Canberra environmental volunteer organisations are set to have more financial security to carry out projects across the territory, following a multi-year funding deal as part of the upcoming ACT budget.
It will be the first time in years that groups such as ACT catchment groups, Parkcare and ACT Wildlife will have government funding provided for multiple years at one time, rather than having to rely on year-on-year financial arrangements.
The funding is set to run during the next four financial years, and while the final amount is still being finalised, a pre-election commitment put forward by the ACT Greens ahead of the 2020 poll promised $3.2 million.
Co-convenor of the Mount Taylor Parkcare Group Kathy Eyles said the announcement allowed for the environmental groups to carry out more work in Canberra's bushland, rather than having spend large amounts of time securing funding.
"It's key to allowing some of the smaller groups in the ACT to keep running and functioning," she said.
"The government funding means we can do projects that would otherwise be out of reach."
Among some of the projects carried out by the volunteer organisation have been habitat restoration for the threatened pink tailed worm lizard, along with further weeding and erosion control works.
"We have had so much rain recently that the weeds have gone absolutely crazy," Ms Eyles said.

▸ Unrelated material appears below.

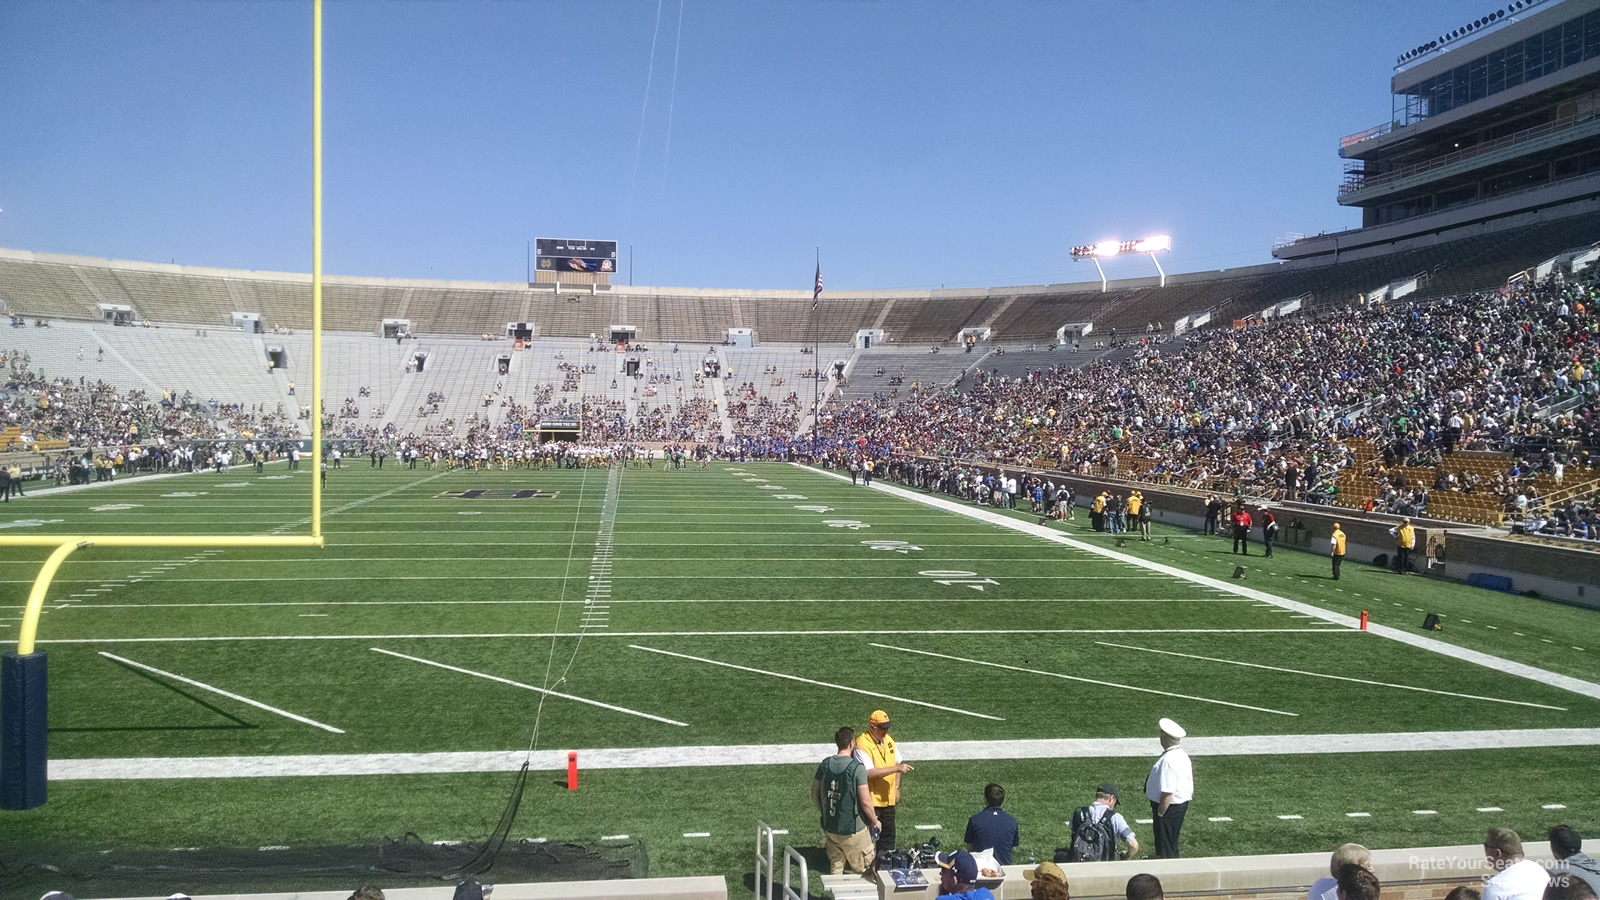 Notre Dame Stadium Section 18 - RateYourSeats.com

ACT Environment Minister Rebecca Vassarotti said long-term funding for the volunteer groups made sure their work was able to be carried on unabated.
"I want to ensure financial support for those volunteer organisations and volunteers who truly love and understand their neighbourhoods," she said.
"Providing reliable, long-term funding for Canberra's community local environmental volunteer-based groups beyond June 30 will allow groups help them continue their valuable work
Executive officer of the Southern ACT catchment group Martine Franco also welcomed news of the sustained funding.
"It's recognition of the work that we do and it will build those long term relations in the community for decades," she said.
Landcare ACT chief executive Karissa Preuss said the multi-year funding was something sought after by the group after years of calls.
"Landcare volunteers contribute more than $2 million in in-kind hours working with traditional custodians to maintain and regenerate urban areas, waterways and our rural areas each year," she said.